Germany would suffer still other disadvantages should the Eurozone dissolve or shrink. In all probability those nations departing would repudiate their euro-denominated debt or, at the very least, reschedule it. German finance would suffer immediately in either case. German banks and other financial institutions hold 400 billion euro in Spanish, Greek, Portuguese and Irish obligations as well as much more in Italian government debt. Left unaddressed, this loss of some 270 percent of the German banking system’s Tier 1 capital and 17 percent of Germany’s gross domestic product (GDP) would curtail the flow of credit in Germany’s economy such that the country would almost surely tip deeply into recession. To prevent this economic pain, German taxpayers would need to extend credit or subsidies to replace much of the lost bank capital and liquidity. Even if the ECB were to help in such an effort, it would still be hugely expensive.
Rather than suffer on all these fronts, Germany would do well to support the weak periphery. Bailouts and rescue packages might look large in the headlines, but ultimately they impose burdens far lighter than the economic and financial costs implicit in any Eurozone dissolution, complete or partial. Still, in opting for bailouts, Germany, quite understandably, has no desire to play the chump. If money must flow from north to south in Europe, Berlin wants assurances that it will go to ease the debt situation and not to feed additional profligacy. If German financial resources must carry the bulk of the rescue burden, Berlin surely wants to ensure that France, the Netherlands and other stronger members of the zone do not get a free ride and carry at least some of the burden. Even if Germans are vaguely aware of the great competitive advantages they have enjoyed and feel an obligation to help those who suffered disadvantages in the common currency, they still see little value in carrying the entire burden or turning aid into charity.

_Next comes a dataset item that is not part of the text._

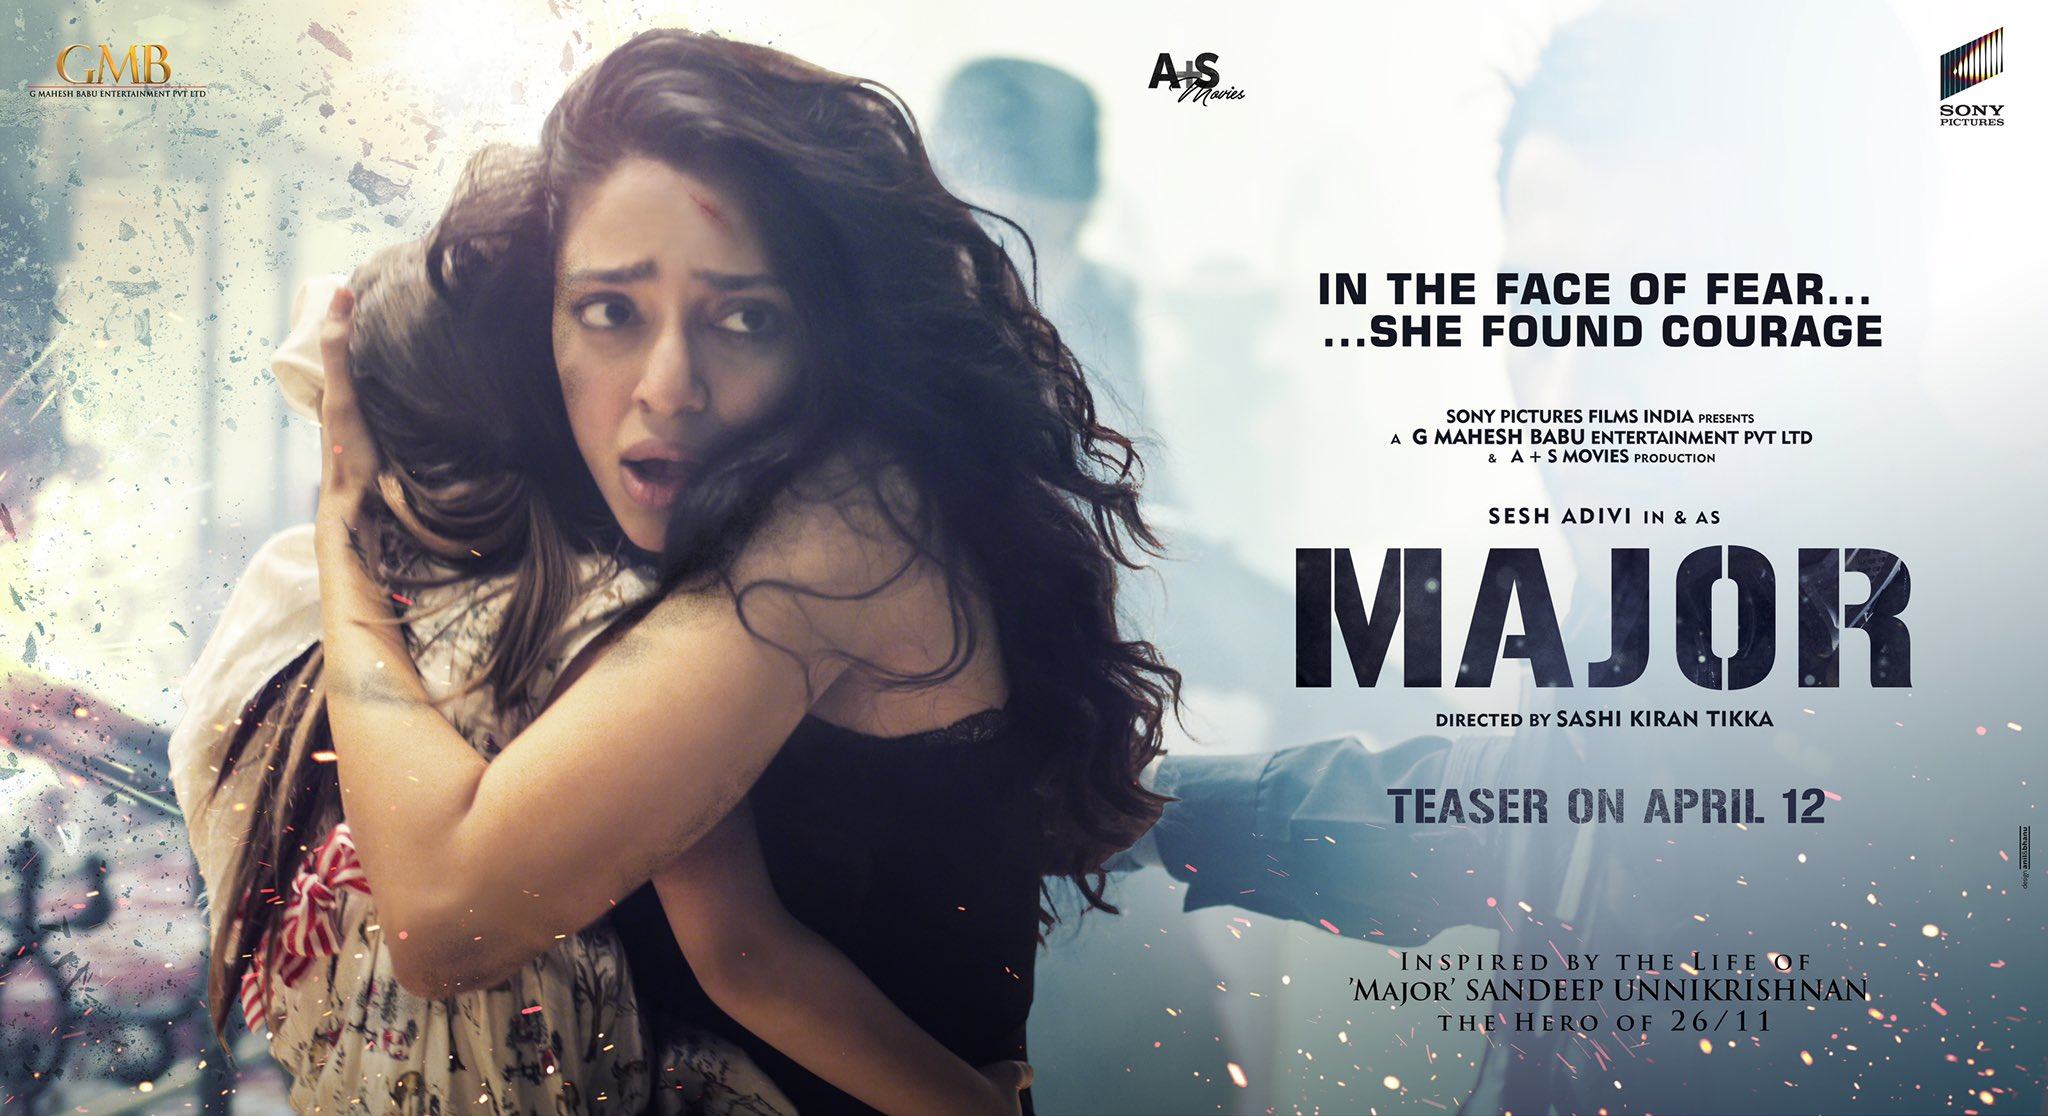 Actress Sobhita Dhulipala Major Movie Posters HD

Facing such constraints and unattractive options, German negotiators seem likely to push along three lines: First, Berlin will insist on austerity to ensure its aid does something to alleviate fiscal pressures, but its need for as broad a zone as possible will lead it to make concessions in order to keep aid recipients within the zone. Second, to ensure that Germany does not carry the entire burden, Berlin will insist on safeguards such as resisting Eurozone bonds (unless they are highly circumscribed) and any zone-wide banking union (unless it offers significant protections for German liabilities and also considerable control). Lastly, while insisting on tight, typically-German monetary policy, Berlin increasingly should look for ECB help with rescues, pressuring the bank to soften its former reluctance to add liquidity to European markets and banks. Whether such a three-part strategy will prove sufficient to defuse the crisis remains an open question, but it surely would help for Berlin to show its commitment and purpose clearly.
Milton Ezrati is Senior Economist and Market Strategist for Lord, Abbett & Co. as well as an associate of the Center for the Study of Human Capital at the State University of New York at Buffalo. He writes frequently on economies and finance and is just completing a book on demographics and globalization.